Трижды прокукарекал петух. Не успел Натан воскликнуть – «Откуда ж петухи в Москве?» – енот приложил палец к его губам и прошептал: «Вот против петухов мы бунтовать не станем. Не наш уровень».

Прячась в коробку и утрачивая дар речи, Тугрик дал последний на сегодня завет:

– Ступай в Кремль, Натан.

Больше Эйпельбаум к водке не прикасался, а ранним утром вышел из дома и сел в метро, ничего вокруг себя не замечая, а стремясь мысль разрешить: с чего же начать – с преображения человека или изменения политической жизни?

На Охотном ряду Натан исполнился решимости начать с преображения человека, на «Библиотеке имени Ленина» усомнился в этом, и решил сначала преобразовать государство.

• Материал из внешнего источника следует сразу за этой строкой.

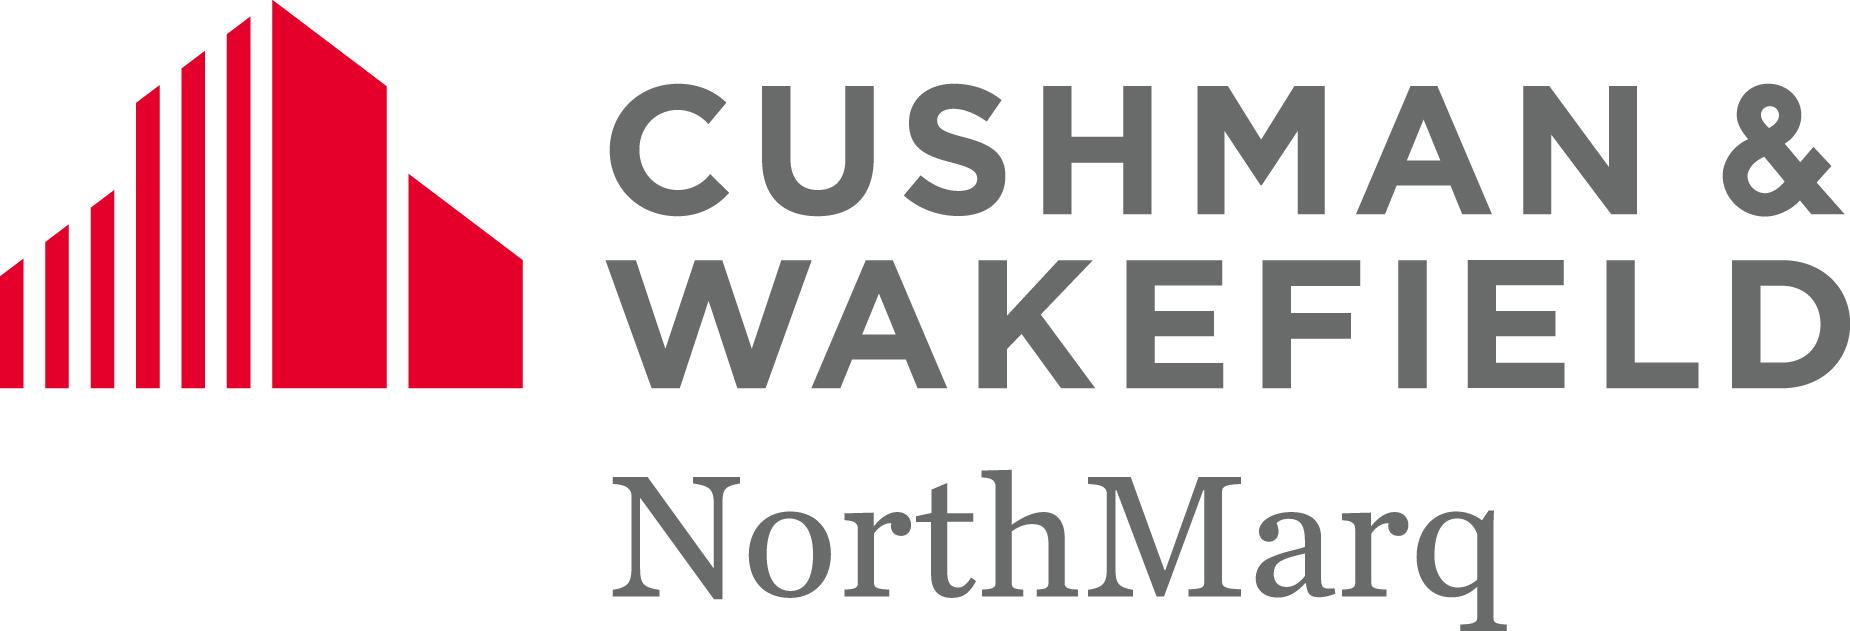 Cushman & Wakefield/NorthMarq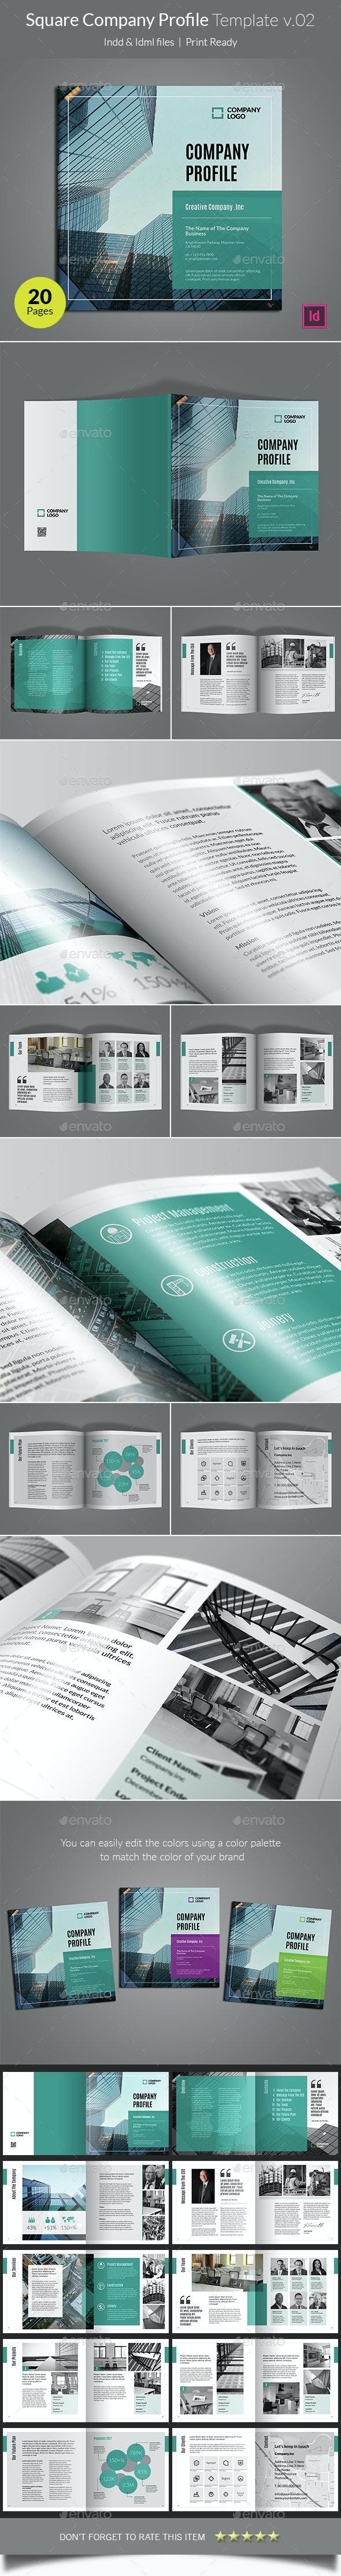 Company Profile Template V02 - Corporate Brochures

Когда Эйпельбаум вышел на Красную площадь и направился к Кремлю, один-единственный, но проницательный взгляд на двуглавого орла помог ему обрести истину: войну надо вести на два фронта, воздействуя одновременно на духовную сущность человека и политическую структуру государства.

«Господи, как все просто!» – рассмеялся Натан.

Чувствуя неотложность задачи, побуждаемый хором страждущих, который он слышал теперь и наяву, Натан попытался прорваться в Кремль, чтобы воззвать к тем, кто называл себя элитой…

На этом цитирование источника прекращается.